About This HTML Issue
When a browser or validator reads your HTML file, it interprets the raw bytes according to a character encoding — most commonly UTF-8. Each encoding has rules about which byte sequences are valid. For example, in UTF-8, bytes above 0x7F must follow specific multi-byte patterns. If the validator encounters a byte or sequence of bytes that violates these rules, it reports a “malformed byte sequence” error because it literally cannot decode the bytes into meaningful characters.
This problem commonly arises in a few scenarios:
-
Encoding mismatch: Your file is saved as Windows-1252 (or Latin-1, ISO-8859-1) but the document declares UTF-8, or vice versa.

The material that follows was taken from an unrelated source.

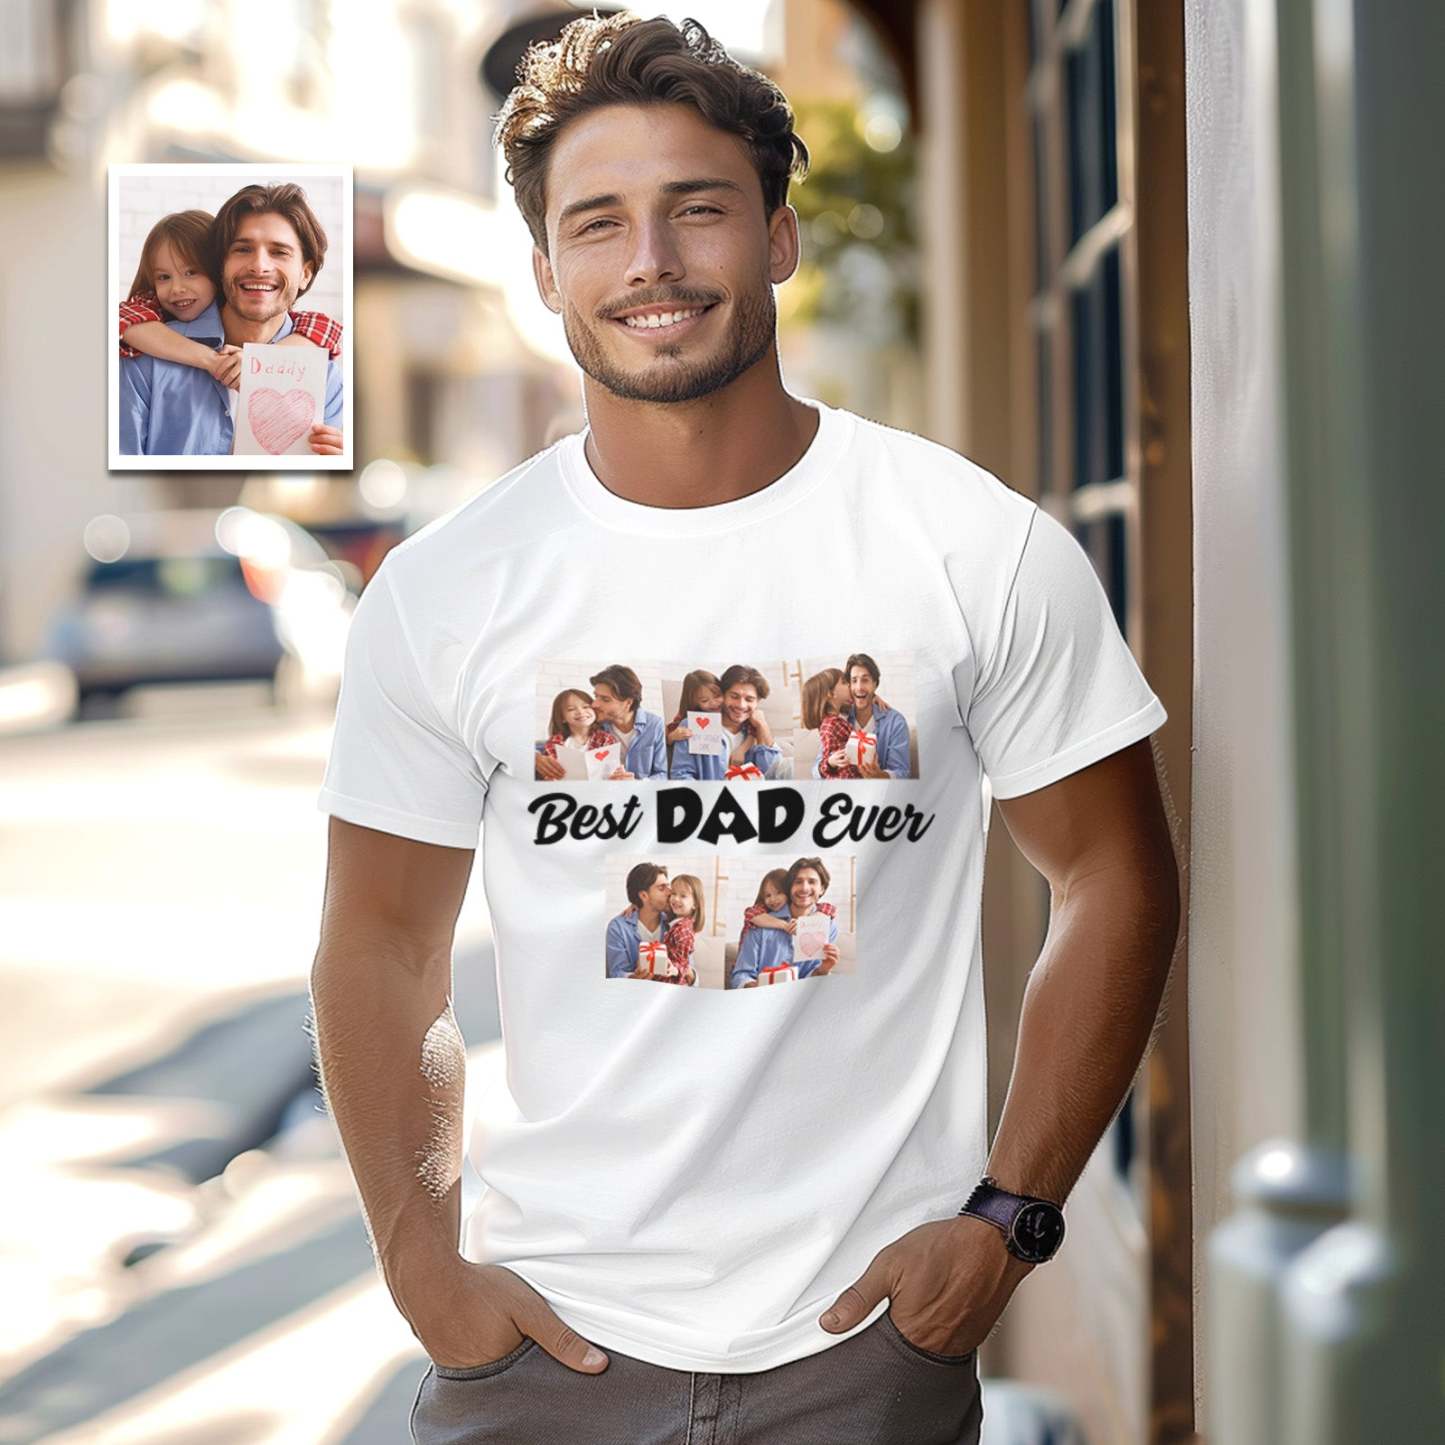 Custom Photo T-Shirt With Best Dad Ever Personalized Photos T-Shirt Father's Day Gift

Characters like curly quotes (
""), em dashes (—), or accented letters (é,ñ) are encoded differently across these encodings, producing invalid byte sequences when interpreted under the wrong one. - Copy-pasting from word processors: Content copied from Microsoft Word or similar applications often includes “smart quotes” and special characters encoded in Windows-1252, which can produce malformed bytes in a UTF-8 file.
- File corruption: The file was partially corrupted during transfer (e.g., FTP in the wrong mode) or by a tool that modified it without respecting its encoding.
- Mixed encodings: Parts of the file were written or appended using different encodings, resulting in some sections containing invalid byte sequences.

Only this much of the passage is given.